### What to work on
Restate word for word the entries below, starting with the line with "سومین زایمان طبیعی" and continuing through the line with "pasaporte de Panamá?". Include both of those lines and no others.

### Entries shown
- Opening Delimiter -
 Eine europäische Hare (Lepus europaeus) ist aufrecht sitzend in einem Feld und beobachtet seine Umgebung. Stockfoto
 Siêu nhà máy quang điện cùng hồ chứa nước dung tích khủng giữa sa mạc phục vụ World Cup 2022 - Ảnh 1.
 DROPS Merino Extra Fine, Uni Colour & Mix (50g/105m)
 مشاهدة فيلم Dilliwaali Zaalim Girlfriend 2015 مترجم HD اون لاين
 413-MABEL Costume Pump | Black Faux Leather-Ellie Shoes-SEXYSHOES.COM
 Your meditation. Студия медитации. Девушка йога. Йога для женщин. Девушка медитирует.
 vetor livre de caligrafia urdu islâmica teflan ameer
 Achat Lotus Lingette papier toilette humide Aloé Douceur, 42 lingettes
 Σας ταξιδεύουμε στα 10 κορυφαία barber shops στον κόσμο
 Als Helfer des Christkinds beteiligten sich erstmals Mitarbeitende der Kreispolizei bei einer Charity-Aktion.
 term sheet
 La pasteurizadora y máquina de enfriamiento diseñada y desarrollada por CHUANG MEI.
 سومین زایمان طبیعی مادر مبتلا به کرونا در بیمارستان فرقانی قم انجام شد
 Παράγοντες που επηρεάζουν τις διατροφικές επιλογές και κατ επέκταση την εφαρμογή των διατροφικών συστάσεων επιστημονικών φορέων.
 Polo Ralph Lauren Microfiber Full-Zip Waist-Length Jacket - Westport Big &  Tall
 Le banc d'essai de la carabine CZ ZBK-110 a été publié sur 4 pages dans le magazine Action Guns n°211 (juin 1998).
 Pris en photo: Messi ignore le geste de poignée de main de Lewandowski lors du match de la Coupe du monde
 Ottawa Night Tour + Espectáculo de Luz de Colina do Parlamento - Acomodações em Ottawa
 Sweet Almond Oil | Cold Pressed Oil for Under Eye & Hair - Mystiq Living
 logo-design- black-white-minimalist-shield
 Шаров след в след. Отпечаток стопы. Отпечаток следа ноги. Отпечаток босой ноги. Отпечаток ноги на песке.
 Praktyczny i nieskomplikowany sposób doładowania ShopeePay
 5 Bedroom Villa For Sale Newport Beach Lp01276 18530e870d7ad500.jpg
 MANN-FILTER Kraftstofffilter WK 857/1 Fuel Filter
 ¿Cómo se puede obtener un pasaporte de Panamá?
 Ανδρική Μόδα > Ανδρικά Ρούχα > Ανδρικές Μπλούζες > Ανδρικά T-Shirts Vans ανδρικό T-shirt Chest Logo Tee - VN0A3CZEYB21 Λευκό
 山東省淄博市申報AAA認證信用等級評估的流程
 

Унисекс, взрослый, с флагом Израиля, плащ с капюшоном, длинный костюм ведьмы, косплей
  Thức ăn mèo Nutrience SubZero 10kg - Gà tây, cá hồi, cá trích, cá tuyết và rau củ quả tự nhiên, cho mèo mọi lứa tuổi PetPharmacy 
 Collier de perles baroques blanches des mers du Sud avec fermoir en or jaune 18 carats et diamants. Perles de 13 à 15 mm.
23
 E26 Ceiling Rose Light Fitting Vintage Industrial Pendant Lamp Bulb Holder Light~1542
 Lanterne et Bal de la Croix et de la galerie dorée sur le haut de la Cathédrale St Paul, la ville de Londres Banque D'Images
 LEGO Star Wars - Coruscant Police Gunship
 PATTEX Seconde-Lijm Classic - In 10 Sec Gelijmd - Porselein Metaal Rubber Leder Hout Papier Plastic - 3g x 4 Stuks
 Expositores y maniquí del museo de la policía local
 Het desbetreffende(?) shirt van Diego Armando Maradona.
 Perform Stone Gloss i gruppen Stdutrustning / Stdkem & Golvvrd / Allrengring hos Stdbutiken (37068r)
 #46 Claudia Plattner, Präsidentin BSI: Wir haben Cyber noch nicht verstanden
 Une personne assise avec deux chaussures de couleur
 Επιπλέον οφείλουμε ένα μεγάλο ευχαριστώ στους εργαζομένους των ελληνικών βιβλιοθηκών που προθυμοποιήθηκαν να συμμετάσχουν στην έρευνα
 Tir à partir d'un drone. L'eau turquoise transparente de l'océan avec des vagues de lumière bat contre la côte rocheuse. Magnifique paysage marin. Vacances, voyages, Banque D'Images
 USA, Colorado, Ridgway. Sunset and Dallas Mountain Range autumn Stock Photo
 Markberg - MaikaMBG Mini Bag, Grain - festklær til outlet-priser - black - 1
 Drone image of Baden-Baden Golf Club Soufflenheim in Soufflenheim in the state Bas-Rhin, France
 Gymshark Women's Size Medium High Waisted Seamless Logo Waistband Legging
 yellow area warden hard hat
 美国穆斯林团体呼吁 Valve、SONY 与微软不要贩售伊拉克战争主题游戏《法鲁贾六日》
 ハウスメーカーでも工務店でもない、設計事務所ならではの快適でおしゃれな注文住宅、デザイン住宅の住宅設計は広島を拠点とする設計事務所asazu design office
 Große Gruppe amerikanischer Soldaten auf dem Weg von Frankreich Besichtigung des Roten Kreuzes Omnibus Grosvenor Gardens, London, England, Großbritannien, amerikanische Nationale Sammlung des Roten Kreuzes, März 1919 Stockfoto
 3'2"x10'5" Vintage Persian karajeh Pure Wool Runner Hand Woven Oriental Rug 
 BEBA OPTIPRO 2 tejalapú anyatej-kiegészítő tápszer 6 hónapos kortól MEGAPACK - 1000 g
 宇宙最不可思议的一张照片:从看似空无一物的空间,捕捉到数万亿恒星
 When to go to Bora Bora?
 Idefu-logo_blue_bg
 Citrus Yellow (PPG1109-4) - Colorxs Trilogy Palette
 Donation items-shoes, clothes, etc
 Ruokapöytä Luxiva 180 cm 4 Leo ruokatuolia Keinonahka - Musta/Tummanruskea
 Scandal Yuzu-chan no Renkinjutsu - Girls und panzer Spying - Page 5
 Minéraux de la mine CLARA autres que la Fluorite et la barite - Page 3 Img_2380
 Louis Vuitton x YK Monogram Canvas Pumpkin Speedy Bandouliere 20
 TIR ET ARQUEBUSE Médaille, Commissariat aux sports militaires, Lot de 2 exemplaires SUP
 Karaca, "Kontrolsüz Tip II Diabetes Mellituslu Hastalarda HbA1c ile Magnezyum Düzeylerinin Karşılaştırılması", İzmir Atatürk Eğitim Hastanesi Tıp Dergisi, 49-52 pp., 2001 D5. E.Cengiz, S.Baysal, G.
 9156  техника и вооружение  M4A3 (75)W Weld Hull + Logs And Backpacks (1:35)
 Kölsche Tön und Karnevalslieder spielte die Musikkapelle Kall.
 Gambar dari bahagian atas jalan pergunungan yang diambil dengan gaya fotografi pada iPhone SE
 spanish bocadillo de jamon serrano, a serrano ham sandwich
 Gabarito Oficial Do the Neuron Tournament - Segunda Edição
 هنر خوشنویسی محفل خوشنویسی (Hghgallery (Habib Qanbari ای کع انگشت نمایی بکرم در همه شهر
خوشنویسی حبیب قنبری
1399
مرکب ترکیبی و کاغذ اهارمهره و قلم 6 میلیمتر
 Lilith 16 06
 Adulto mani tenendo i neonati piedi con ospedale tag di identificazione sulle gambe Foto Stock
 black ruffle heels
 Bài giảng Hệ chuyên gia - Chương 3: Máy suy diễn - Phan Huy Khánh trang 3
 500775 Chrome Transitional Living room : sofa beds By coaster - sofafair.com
- Closing Delimiter -
### Solved problem
 سومین زایمان طبیعی مادر مبتلا به کرونا در بیمارستان فرقانی قم انجام شد
 Παράγοντες που επηρεάζουν τις διατροφικές επιλογές και κατ επέκταση την εφαρμογή των διατροφικών συστάσεων επιστημονικών φορέων.
 Polo Ralph Lauren Microfiber Full-Zip Waist-Length Jacket - Westport Big &  Tall
 Le banc d'essai de la carabine CZ ZBK-110 a été publié sur 4 pages dans le magazine Action Guns n°211 (juin 1998).
 Pris en photo: Messi ignore le geste de poignée de main de Lewandowski lors du match de la Coupe du monde
 Ottawa Night Tour + Espectáculo de Luz de Colina do Parlamento - Acomodações em Ottawa
 Sweet Almond Oil | Cold Pressed Oil for Under Eye & Hair - Mystiq Living
 logo-design- black-white-minimalist-shield
 Шаров след в след. Отпечаток стопы. Отпечаток следа ноги. Отпечаток босой ноги. Отпечаток ноги на песке.
 Praktyczny i nieskomplikowany sposób doładowania ShopeePay
 5 Bedroom Villa For Sale Newport Beach Lp01276 18530e870d7ad500.jpg
 MANN-FILTER Kraftstofffilter WK 857/1 Fuel Filter
 ¿Cómo se puede obtener un pasaporte de Panamá?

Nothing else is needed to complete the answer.